In spite of this partial success the program turned out as not be working effectively enough. With that version it would have probably taken years until at least a semi-trimagic square could have been found.

Some ideas how to improve the program were haunting me and took shape in the night of Saturday, June 8th 2002. I got up round 6 o´clock and added my new ideas to the existing program. Round 9 o´clock already the first semi-trimagic squares of order 12 were found.

The first “metal samples” had been found. Now one had to find out whether there was gold among it. Another computer program was supposed to help to create trimagic diagonals by changing the rows and columns. After some hours, exactly with the 88th semi-trimagic square, a trimagic diagonal could be constructed and – for reasons of symmetry – the second diagonal was automatically trimagic, too.
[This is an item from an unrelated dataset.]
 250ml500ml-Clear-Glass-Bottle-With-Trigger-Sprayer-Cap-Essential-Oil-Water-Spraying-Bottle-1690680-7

But I assumed that there must have been a mistake as the success had come about too quickly that day. So I checked all the demanded characteristics additionally with the help of a spreadsheet program. Every number between 1 and 144 was exactly used once, all the sums were correct.

 1 22 33 41 62 66 79 83 104 112 123 144 9 119 45 115 107 93 52 38 30 100 26 136 75 141 35 48 57 14 131 88 97 110 4 70 74 8 106 49 12 43 102 133 96 39 137 71 140 101 124 42 60 37 108 85 103 21 44 5 122 76 142 86 67 126 19 78 59 3 69 23 55 27 95 135 130 89 56 15 10 50 118 90 132 117 68 91 11 99 46 134 54 77 28 13 73 64 2 121 109 32 113 36 24 143 81 72 58 98 84 116 138 16 129 7 29 61 47 87 80 34 105 6 92 127 18 53 139 40 111 65 51 63 31 20 25 128 17 120 125 114 82 94

The treasure had been found! A trimagic square of order 12 was shown on the screen. The search for the smallest trimagic square had been successful.
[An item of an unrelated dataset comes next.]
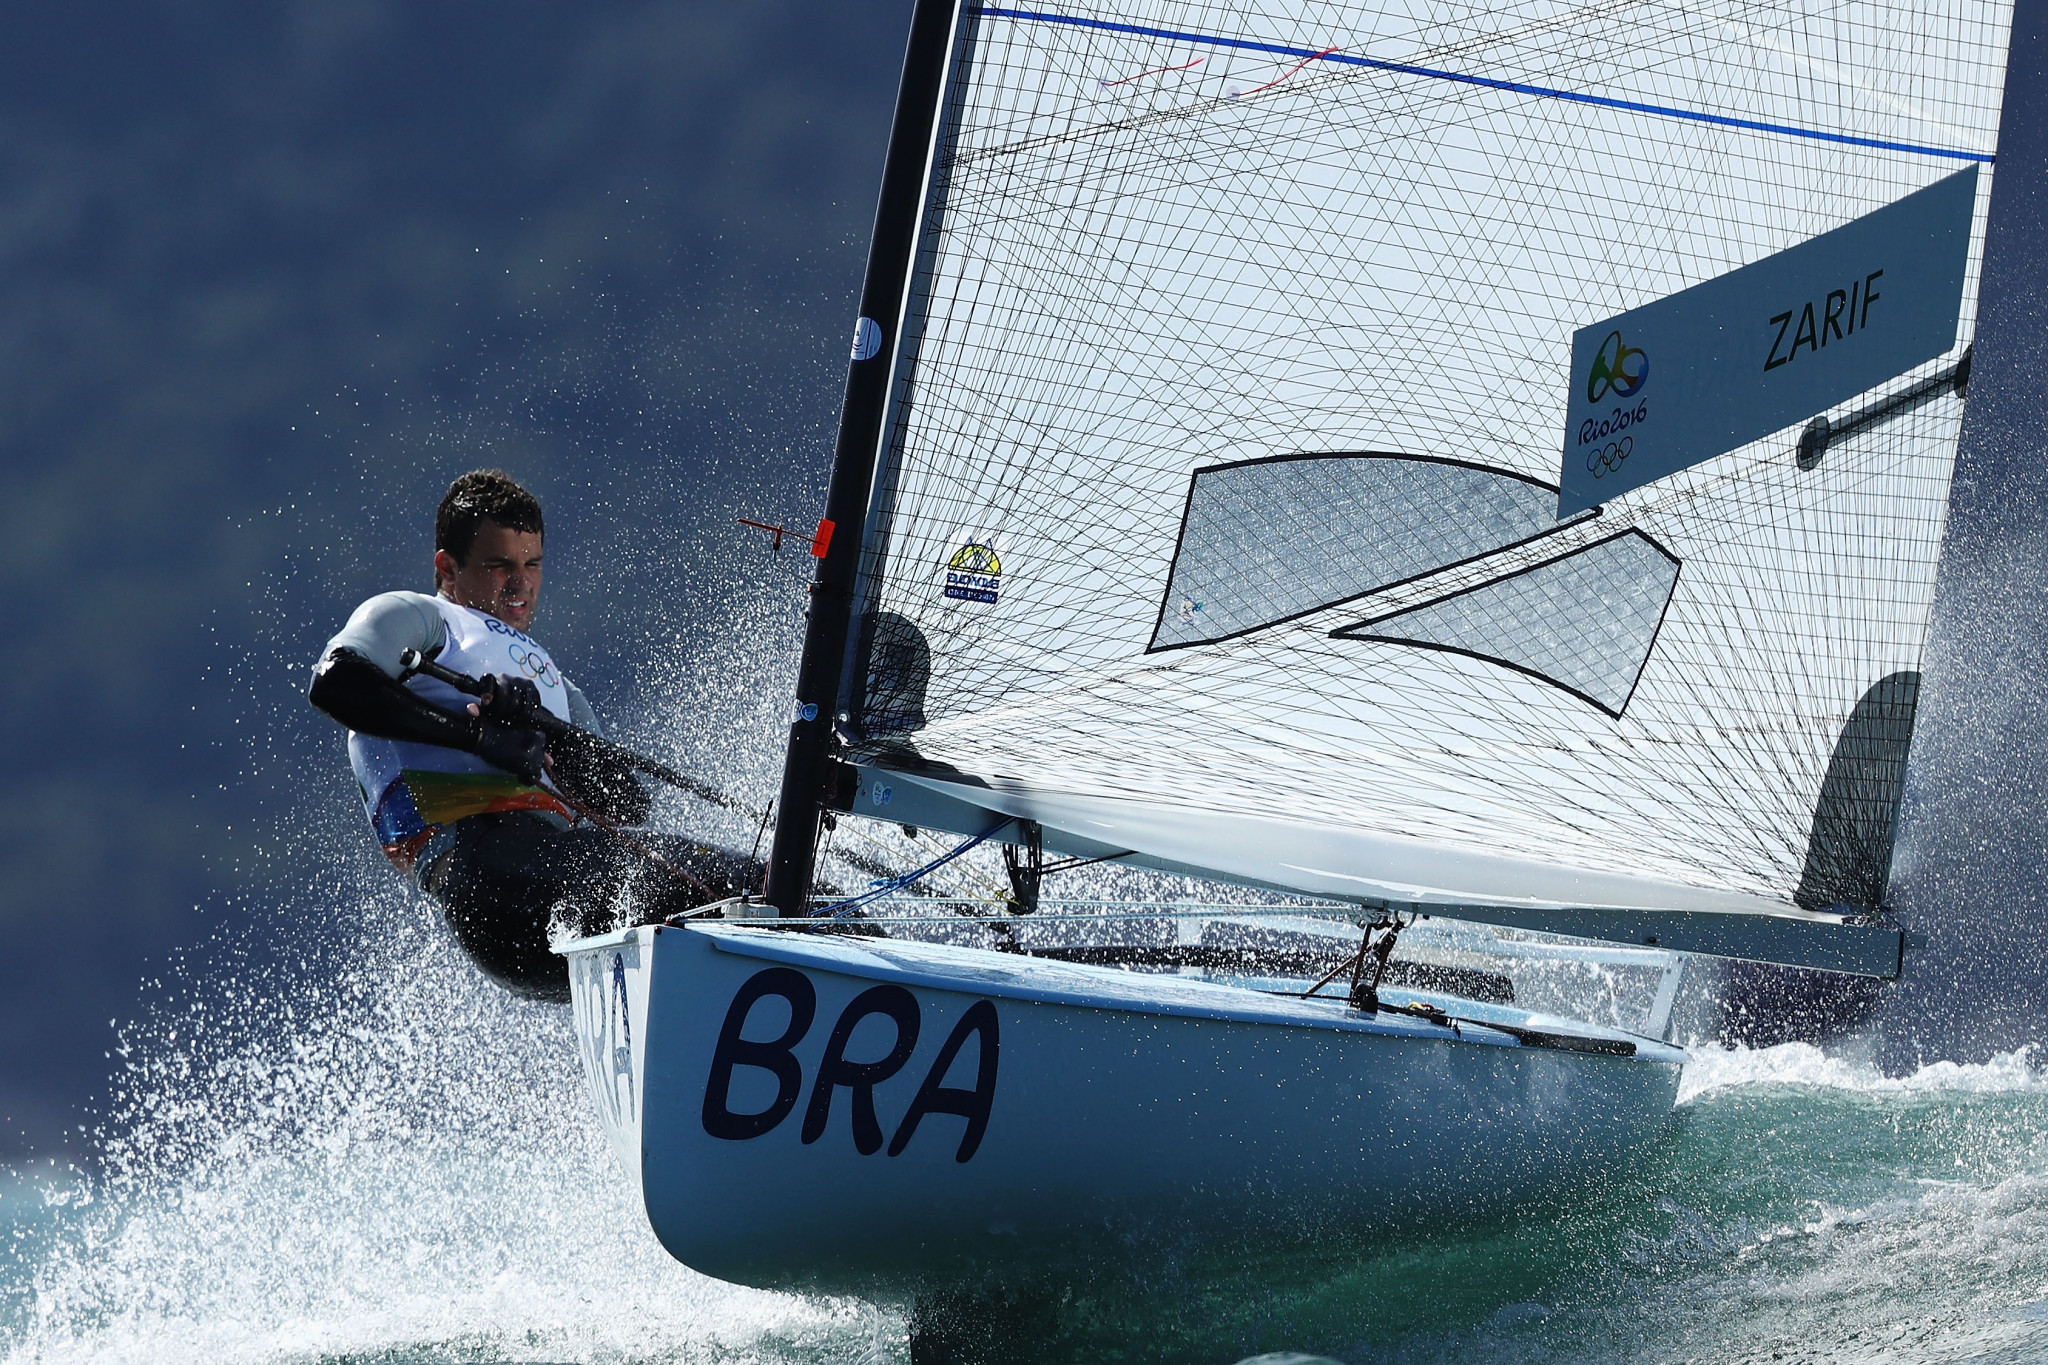 Brazil's Jorge Zarif won the Finn Class gold at the Sailing World Cup Final in Marseille ©Getty Images

The day after I sent the number square by e-mail to all the amateurs of magic squares I knew and asked them to check the result. Some answers can be found and read in the attachment. All confirmed that the result was correct.

My special thanks go to Christian Boyer (France), who triggered off the search by his publications and his ideas. Without his own contributions and his critical examination of my calculation, the search wouldn´t have been successful. My special thanks go to Aale de Winkel (Holland), who encouraged me during the year again and again to go on working in the field of magic squares. Harvey Heinz (Canada) and George Chen (Taiwan) gave me a big helping hand, too.
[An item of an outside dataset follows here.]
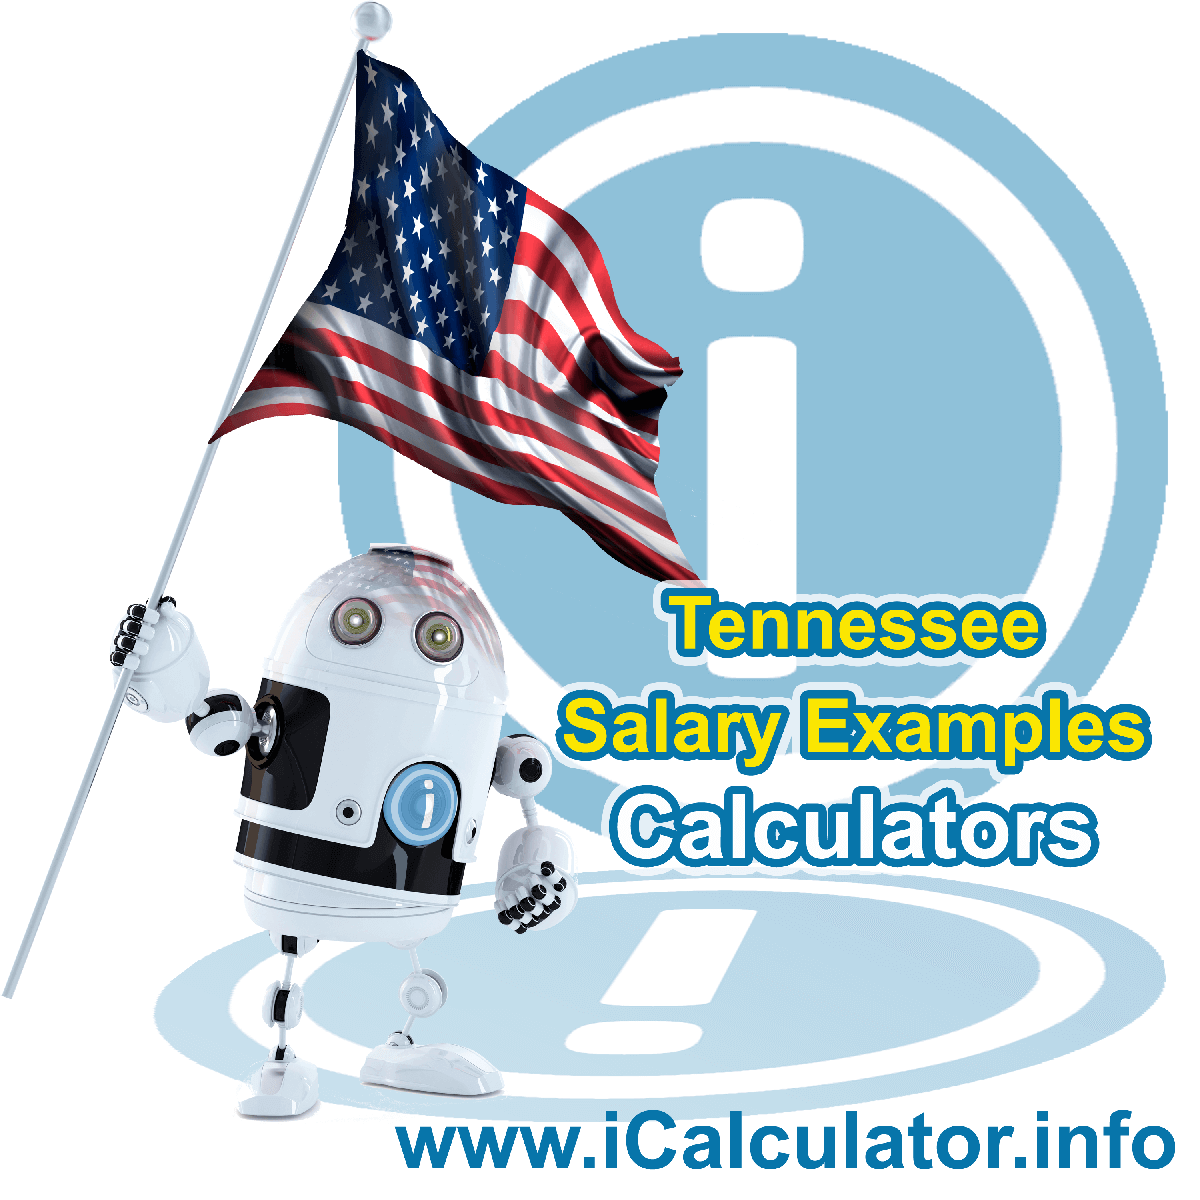 Tennessee Salary Example for $70,000.00 in 2022 | iCalculator™ | $70,000.00 salary example for employee and employer paying Tennessee State tincome taxes. Detailed salary after tax calculation including Tennessee State Tax, Federal State Tax, Medicare Deductions, Social Security, Capital Gains and other income tax and salary deductions complete with supporting Tennessee state tax tables

Walter Trump, Nürnberg, January 2003.

E-mail answers on behalf of the discovery of the smallest trimagic square

Christian Boyer (France, ancient technical director of Microsoft France, founder of a software firm, inventor of the first tetra- and penta-magic squares,  Webpublisher: www.multimagie.com)

Dear Walter,
Excellent square! Incredible result! Best than the famous Benson's square!
As you asked, I have checked the properties, and of course all is OK.
And all the integers from 1 to 144 are present ;-)
So, you have win the right to be in the record table in my site!
Congratulations.
Christian Boyer.

Yung C. Chen, alias George Chen (Taiwan, inventor of construction methods, author of essays dealing with combination)

Dear Walter,
Congratulation.
There is will, there is a way.
Your achievement is marvelous, it is a milestone on magic squares.
Best Regards,
George

Aale de Winkel (The Netherlands, physicist and information scientist, publishes the  magic square encyclopedia.)

Dear Walter
Congratulations, trimagicness of square I verified, ...
... this one is a tremendous achievement indeed.
It would be great to upload the order 12 trimagic squares onto the encyclopedia's database for future reference (but I assume it might be prudent to publish this find in scientific journals as well)
greetings
Aale

Harvey Heinz (Canada, author of Magic Square Lexicon, sponsors worldwide the biggest website on magic squares)

Congratulations Walter, you hit the jackpot.
What is especially significant about this accomplishment is the amount by which you beat the previous record!
Previous record holders only halved the older record. Your result is one third the older one.
Boy, I bet you were excited when you saw the results of that 88th square! We are all excited with you.